NEWARK – A partnership between Worcester County and the private sector to convert decomposing trash into a renewable energy source will come to fruition early next month when the ribbon is cut on a methane power plant at the county’s central landfill in Newark.
County officials partnered with Baltimore-based Curtis Engine, a major regional power solutions generation company, on the development of the methane gas-to-electric power conversion plant. The concept is to convert methane gas created by decomposing trash in the landfill to a renewable energy source. The plant will extract methane gas, which occurs when garbage decomposes in a landfill, process it, and convert it to a viable electrical energy source.

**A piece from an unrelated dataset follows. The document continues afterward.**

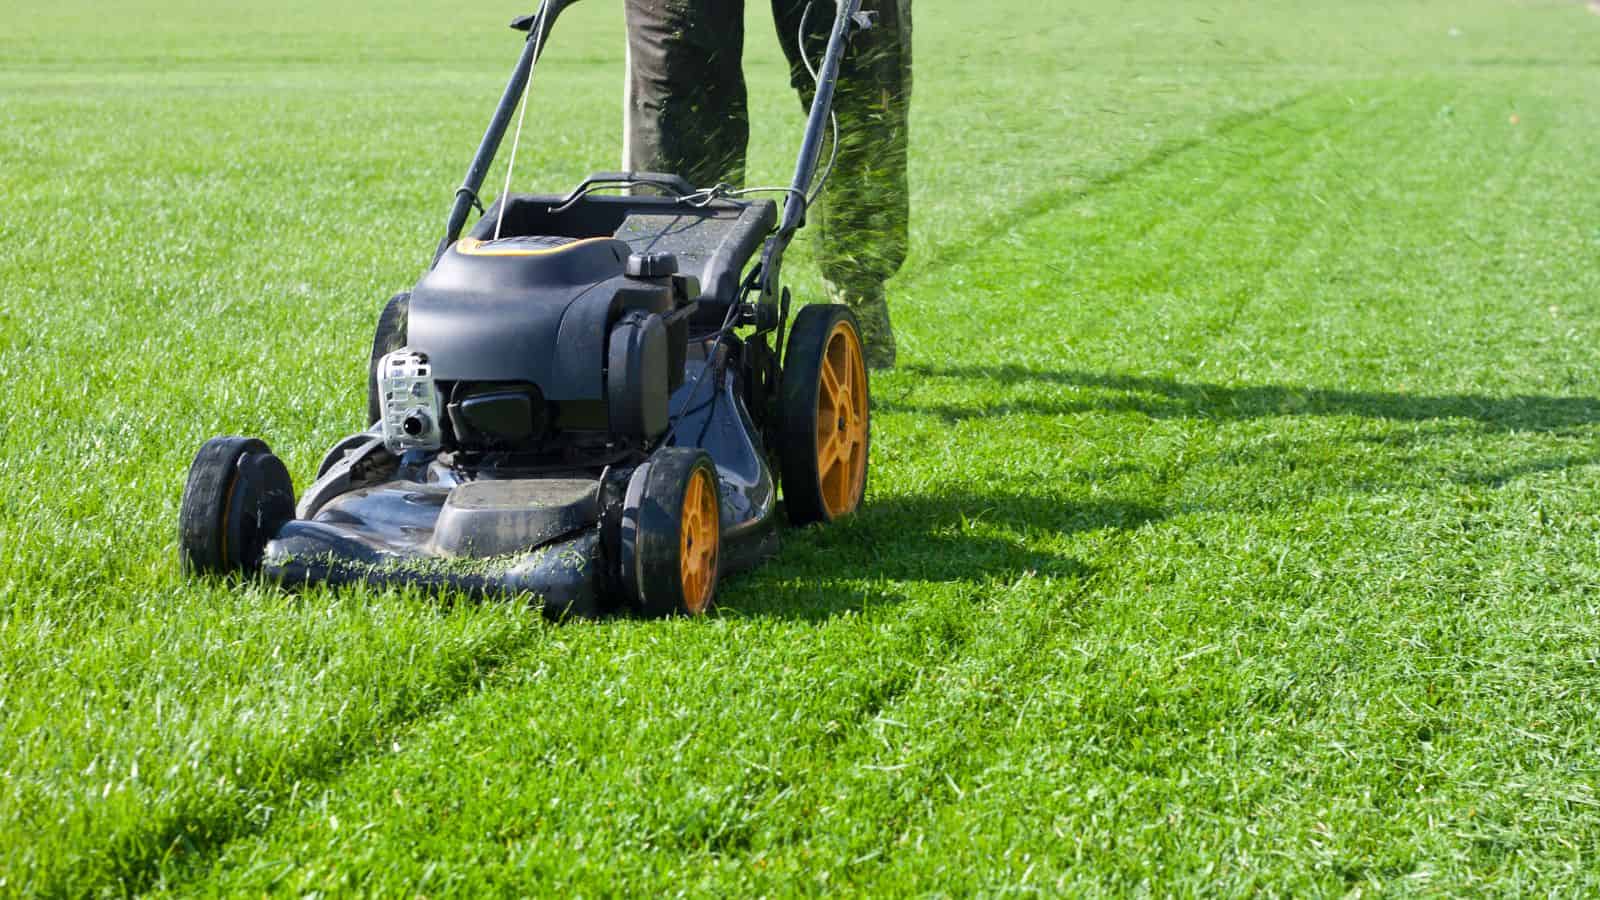 <p>Lawnmowers and trimmers are also commonly seen in many basements across the U.S. Rather than being kept outside, storage in basements saves these tools from harsh weather conditions, vandalism, or theft—all achieved while maintaining convenient access to them.</p>

Creating a methane conversion plant at Worcester’s central landfill in Newark has been discussed for years, but is now becoming a reality with the county’s partnership with Curtis Engine. The new power plant will begin operation next month with a ribbon-cutting ceremony set for July 9 at the landfill. A second generator is scheduled to come on line sometime this fall with a third generator set to be installed at the site in early 2009.
When completed, the plant will generate an estimated three megawatts of electrical power, which is enough to supply electricity to roughly 2,700 homes in Worcester County, or roughly the same number of homes in Snow Hill. In addition, any excess electricity generated by the plant will be sold to the Old Dominion Electric Cooperative, a wholesale energy company supplying electric power to co-ops in Maryland, Delaware and Virginia.
County officials this week said the methane gas to electric power represents a win-win situation for everyone involved in that it creates renewable energy from an existing source.
“We are excited to partner with Curtis Engine to be able to use methane gas produced at the landfill for an environmental benefit,” said County Commission President Virgil Shockley. “This project will supply electricity to our regional power grid, helping to reduce our dependence on foreign oil and keep our overall energy costs as low as possible.”
Shockley said the methane gas produced at the landfill has been an untapped resource for years.
“We are taking a process that occurs naturally at landfills and using it to our advantage,” he said. “Instead of it being released to the detriment of the atmosphere, this gas will supply clean energy to the area.”
For its part, Curtis Engine is proud to be partnering with Worcester County on the cutting edge project.
“We take pride in being one of the pioneers of green energy resources and are honored to be in partnership with Worcester County to bring renewable energy to Maryland’s Eastern Shore.”